Repeat this workflow for each sponsor. Tags make it easy to filter contacts in the portal and via the API.
3. Export Options
There are multiple ways to get the per-sponsor lead data out of Komo:
- Option A: Manual Export from Portal -- Go to Contacts in the Komo Portal, filter by tag (e.g., "sponsor-a"), and export as CSV. Quick and simple for one-time reports.
- Option B: Workflow to Sponsor's CRM -- Create a workflow that triggers on the sponsor's card and sends the data directly to the sponsor's CRM or webhook endpoint. Real-time -- leads flow as they're captured.
- Option C: API Export -- Use the Komo API to programmatically pull contacts filtered by tag or card.
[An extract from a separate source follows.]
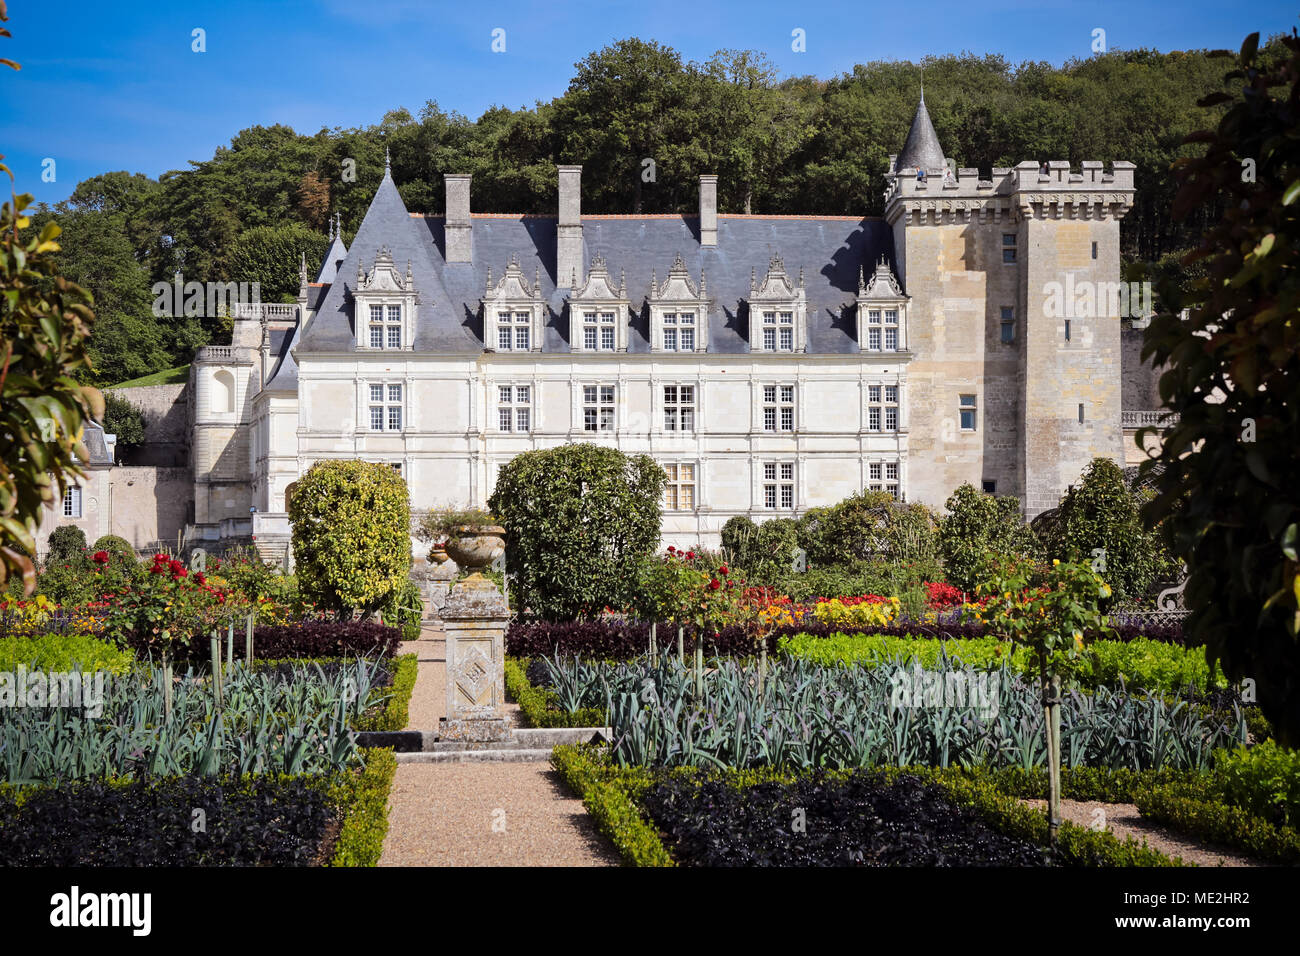 Villandry Castle, Château de Villandry with gardens, Indre-et-Loire, Touraine, Loire Valley, France Stock Photo

Automate the export on a schedule or trigger it from your own system.
4. Workflow: Route Leads to Sponsor Webhook
For real-time lead delivery to sponsors, set up a workflow that forwards data to their endpoint:
Workflow: Route Sponsor A Leads
- Trigger: Gameplay.DataCapturedQualified (scoped to Sponsor A's card)
- Action 1: Update Contact -> Add tag "sponsor-a"
- Action 2: HTTP Request -> POST to sponsor's webhook URL with contact data
Key Pattern
The core pattern for sponsor lead segmentation:
Competition entries are scoped by card
Card A (Sponsor A) --> Entries A --> Tag "sponsor-a"
Card B (Sponsor B) --> Entries B --> Tag "sponsor-b"
Card C (Sponsor C) --> Entries C --> Tag "sponsor-c"
Filter contacts by tag -> Export per-sponsor report
Tips
- Naming convention: Use consistent tag formats like
sponsor:acme-corporsponsor:brand-name. This makes API queries and portal filtering predictable. - Multi-sponsor engagement: A single contact can interact with multiple sponsor cards. They'll get multiple tags. Each sponsor's export will include them -- this is usually what sponsors want (their reach).
- Extension data: If you're embedding cards in an event app, set extension data with the sponsor ID. This flows into webhook payloads and can be used for additional segmentation.